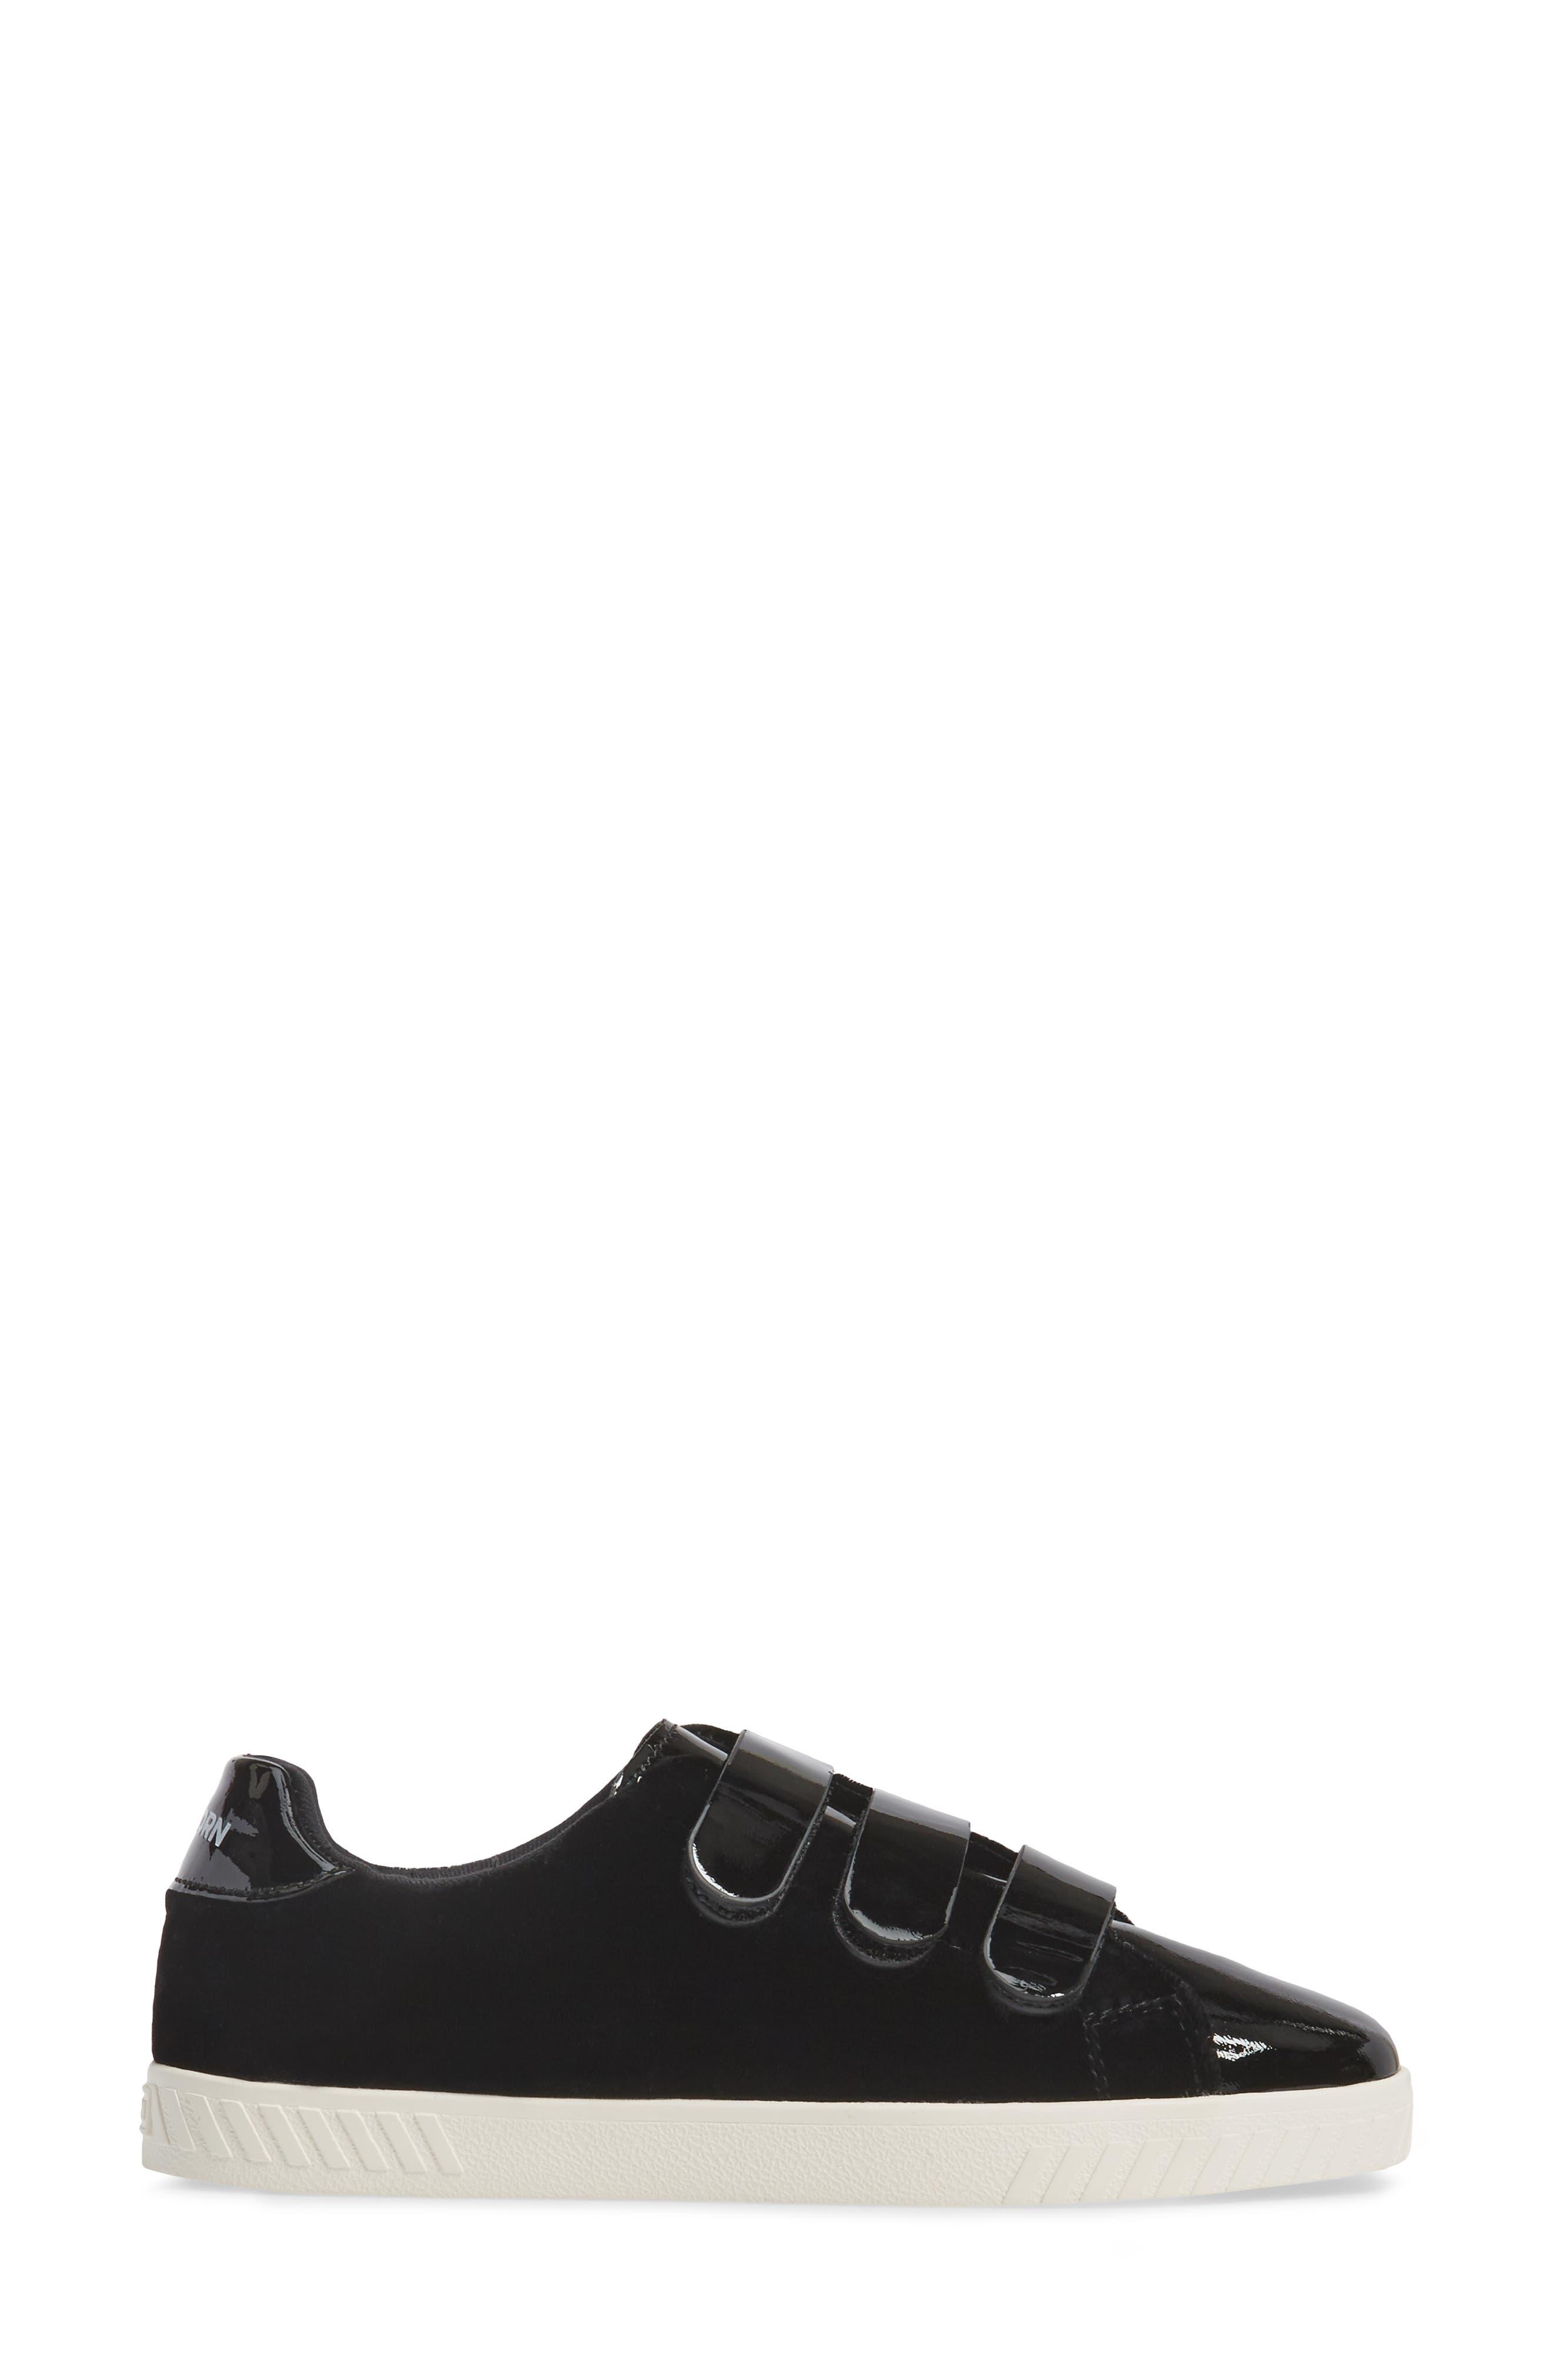 Carry Sneaker,                             Alternate thumbnail 3, color,                             001
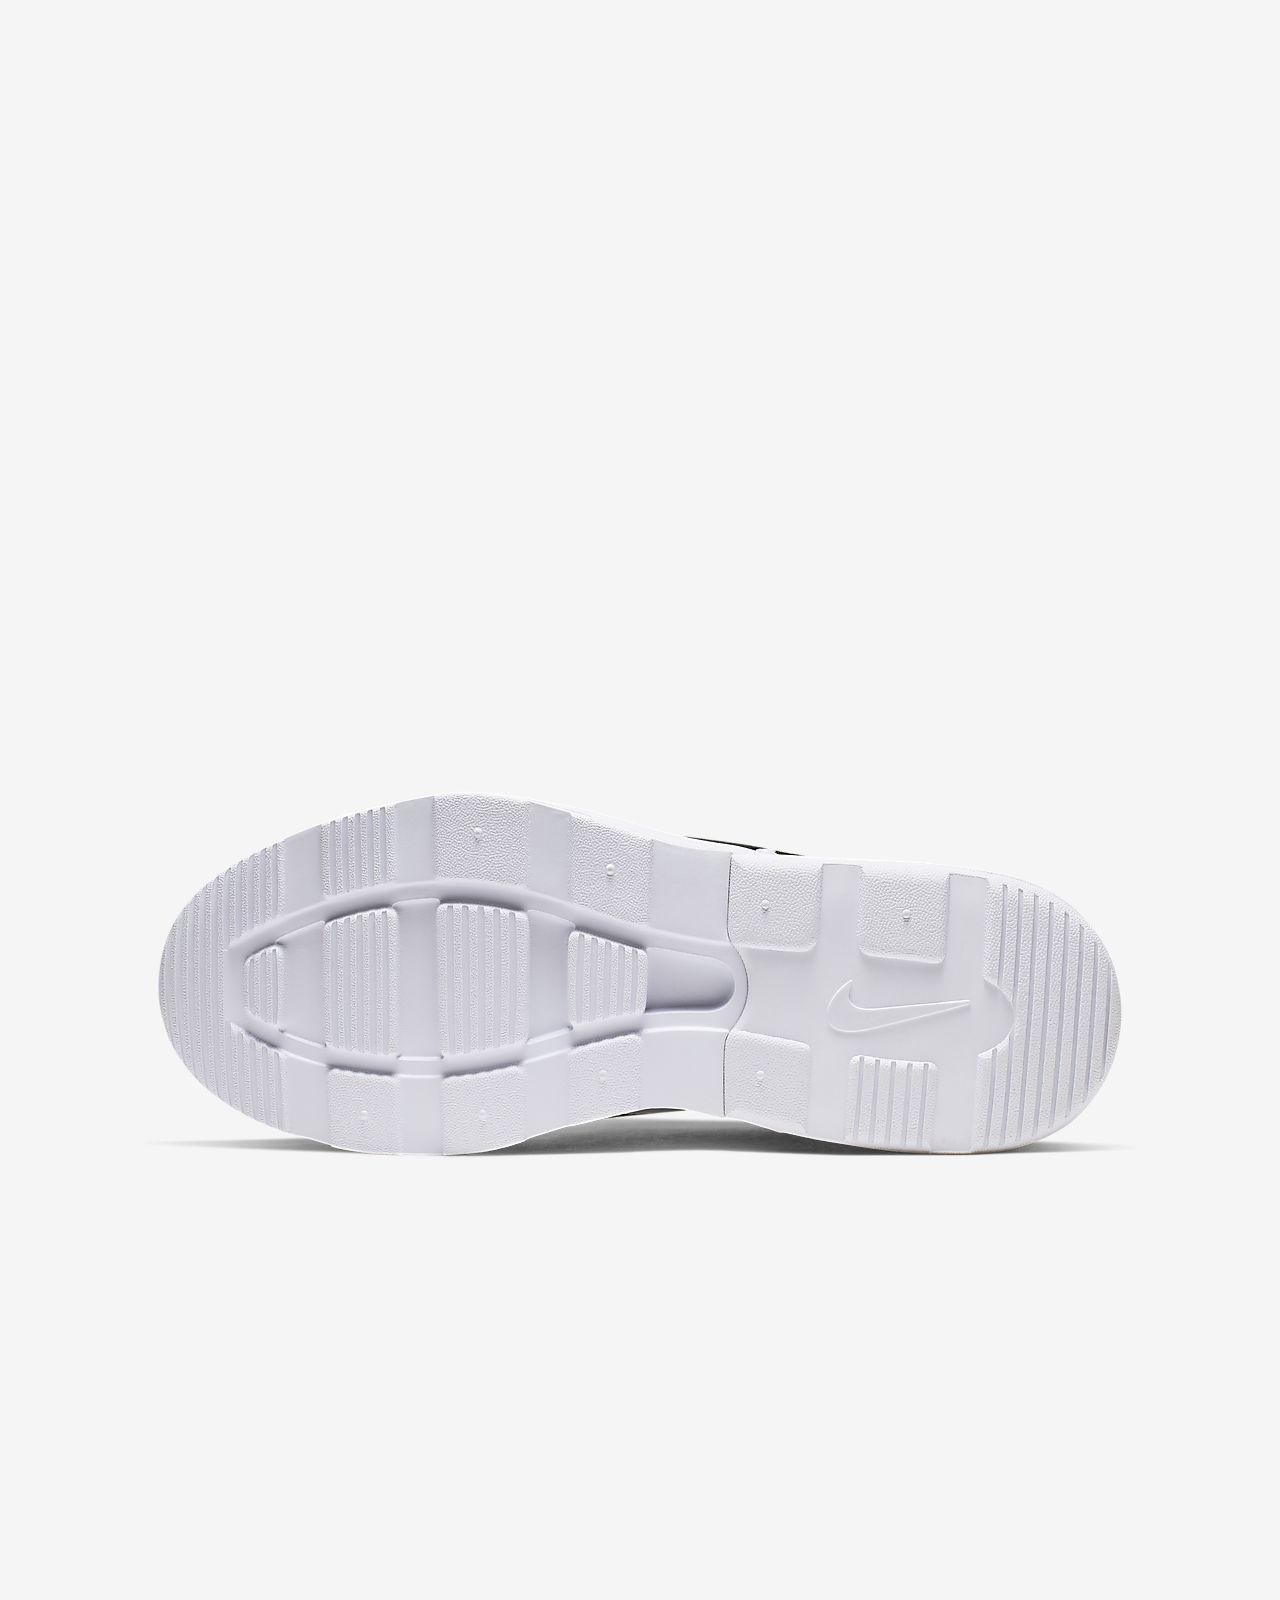 Nike Air Max Motion 2 Schuh für ältere Kinder
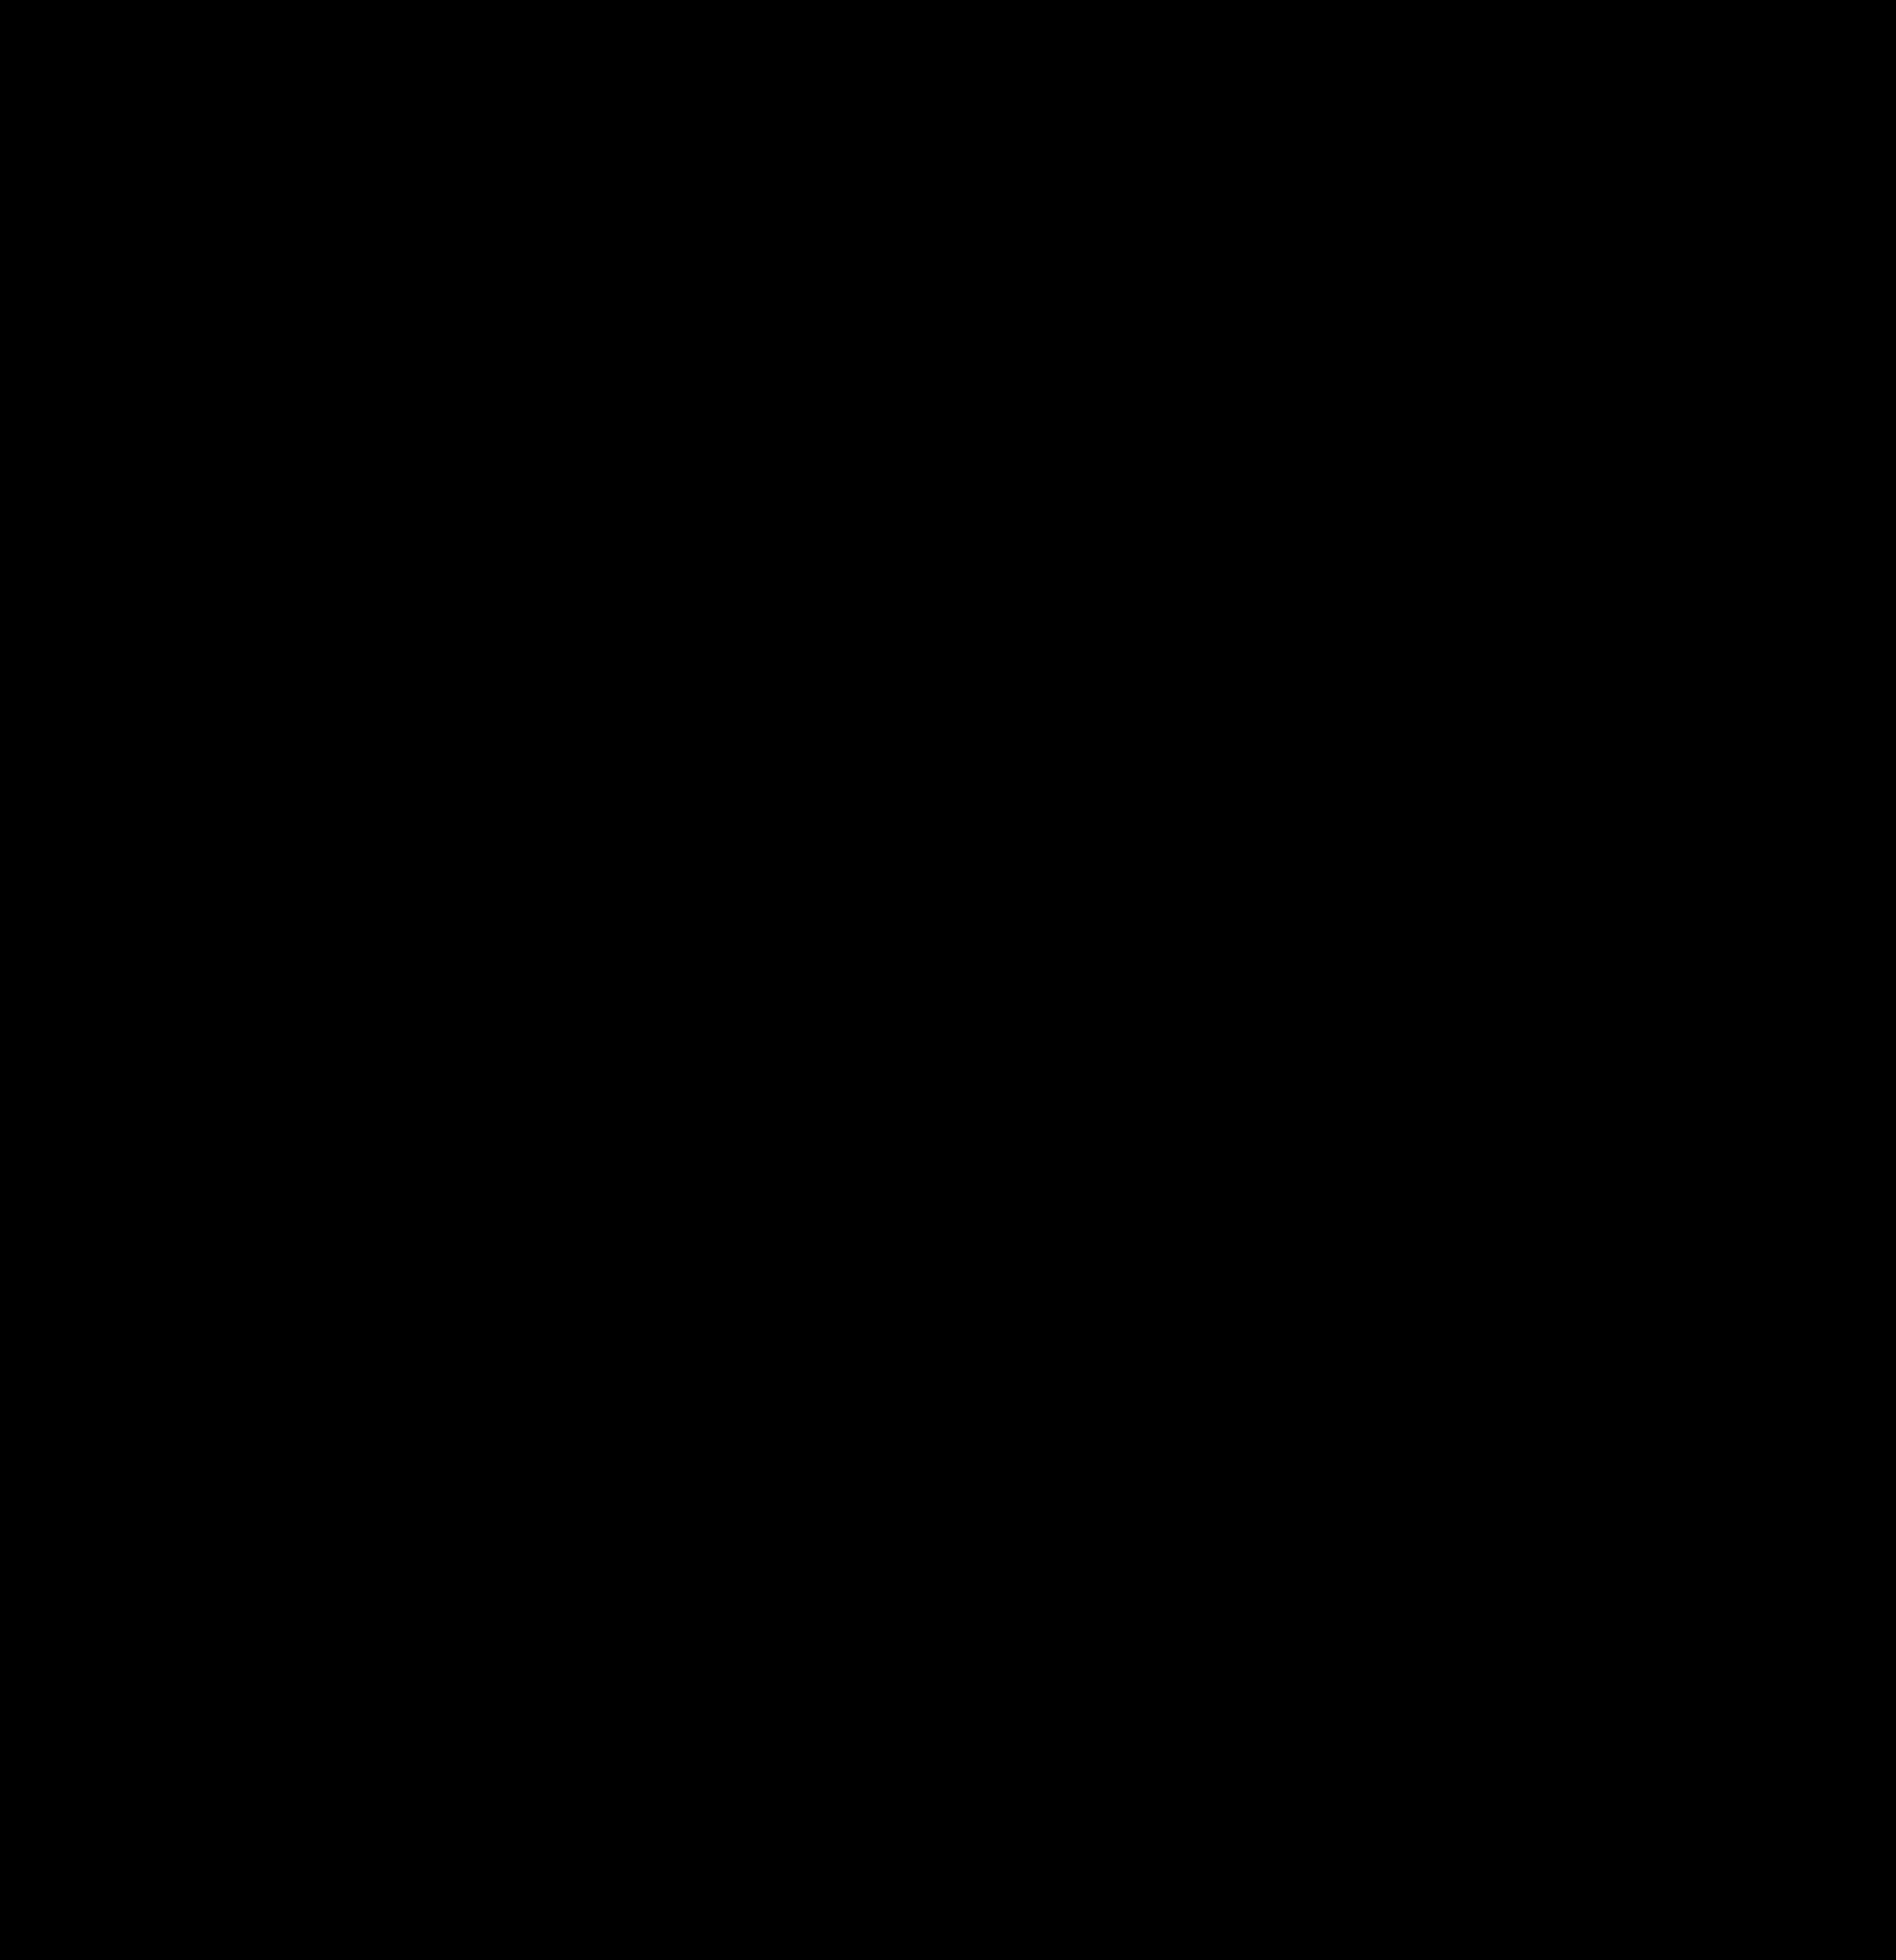 6 Grunge Bitcoin Logo (PNG Transparent) | OnlyGFX.com

* * * * * * *

» Task statement
Apart from the pictures, every line of the data above should be given again exactly.

» Result for this exercise
 Carry Sneaker,                             Alternate thumbnail 3, color,                             001
 Nike Air Max Motion 2 Schuh für ältere Kinder
 6 Grunge Bitcoin Logo (PNG Transparent) | OnlyGFX.com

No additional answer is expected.